I have the $10 Mungyo Gallery half stick set, it was $9.99 on sale at Jerry's. I bought it to do an entry for this year's Summer Pastel Challenge there and managed a good entry on sanded paper. I like them enough to keep them around for sketchbook use, though at that price I don't really expect them to be light fast and they don't have the sparkle of Unisons or Mount Vision or Sennelier.

They do have a pleasant feel, medium-soft, softer than hard pastels like Nupastels and harder than most of the good artist grade ones that can get downright fluffy. The color range in that half stick set is great and the box is handy. They'd be really good for quick plein air studies because the range is good in a small box and they're a handy shape and size. Or color studies.

They are also that inexpensive, so they'd be really good for preliminary work and practice without using up a lot of Unisons on the practice. At least one serious artist I know has run through three boxes of the dang things doing plein air, though I forget who he is it was someone here who paints well and sells his paintings in galleries.

Those combined with a jar of Coloursoft primer and a pad of the cheapest 140lb watercolor paper gotten on sale can be great for practice and have a feel close enough to the more expensive ones to work out techniques, do color studies, try anything, study and learn and do preliminaries. If I do ever live somewhere with a sunny window, I might try a home lightfastness test just to find out if any of the colors don't fade, but I'd go for more expensive pastels to do a commission or sell a painting.

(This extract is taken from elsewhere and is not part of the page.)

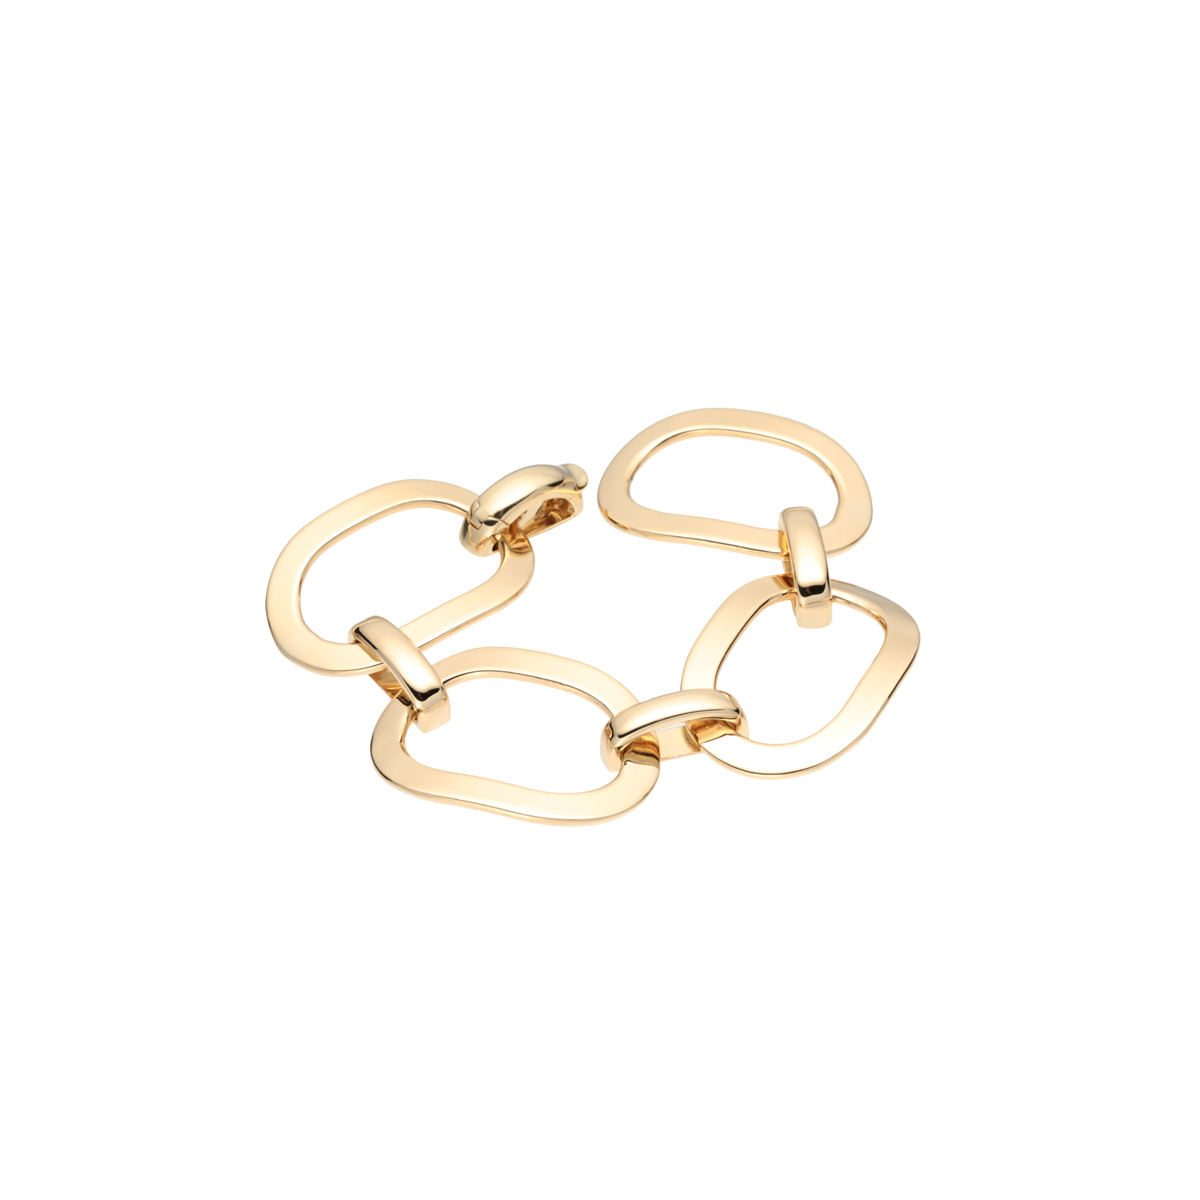 Flat Yellow Gold Link Chain Bracelet

The little half stick sets are the Mungyo Gallery which are the better of the Mungyo ones. So those might be lightfast after all - it'd be great if someone in Arizona or Florida or someplace sunny with a window that gets a lot of sun did a color chart to tape up for a year and find out how bad they fade. That would affect what I use them for. If they don't fade or if some colors don't fade, then to me they'd be okay for selling.

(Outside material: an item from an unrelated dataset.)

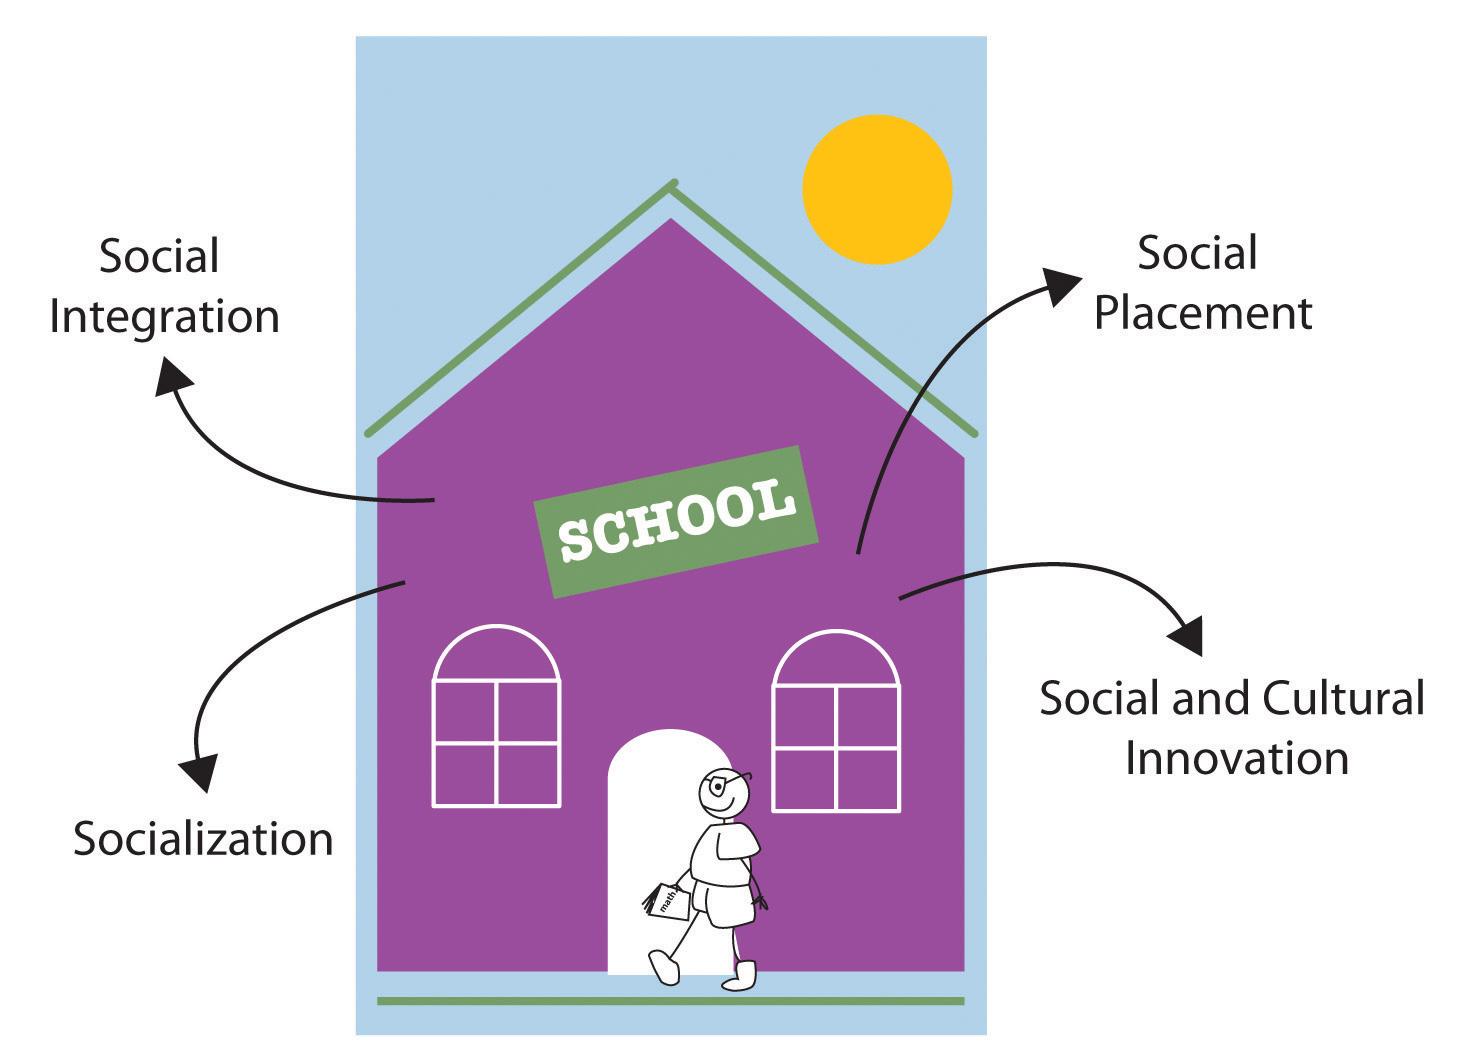 The Functions of Education: social integration, social placement, socialization, social and cultural innovation

They'd also be fine for designing something or illustrating even if they're not. Sometimes the sparkle of Unisons or other great brands gets lost online or in print, if it's an illustration it might be more important how it looks when it's scanned and the colors get tweaked in a computer program. I did notice that all the Mungyo colors scanned pretty well, so they would be very good for painting or drawing art that'll be predominantly used online or for illustration.

I think they're very good quality for the price, just that you do get what you pay for. When I get brands that cost $3 or $4 per stick or more, I really can see the difference and understand why artists pay that much for them. Past a certain point though, it turns into what you like best and what effects you want to achieve.

So I draw the line of what to sell in originals at permanence, or if it's for ACEOs at least warn the buyer up front if I'm using fugitive materials. I'd rather just be open with buyers about what I use and let them make an informed decision. Would it be unethical to sell a sketch the buyer saw and loved in your sketchbook because you knew you did it with something fugitive? Or just honest to explain that and then if they still want it, give a reasonable price lower than if you'd used something more permanent. After that it's up to them to conserve it, it's theirs... but they need to know so that they don't frame it and hang it in a sunny room and get mad next year.

I might also spray with UV protecting fixative if that happened, and I do try to always use acid free sketch paper.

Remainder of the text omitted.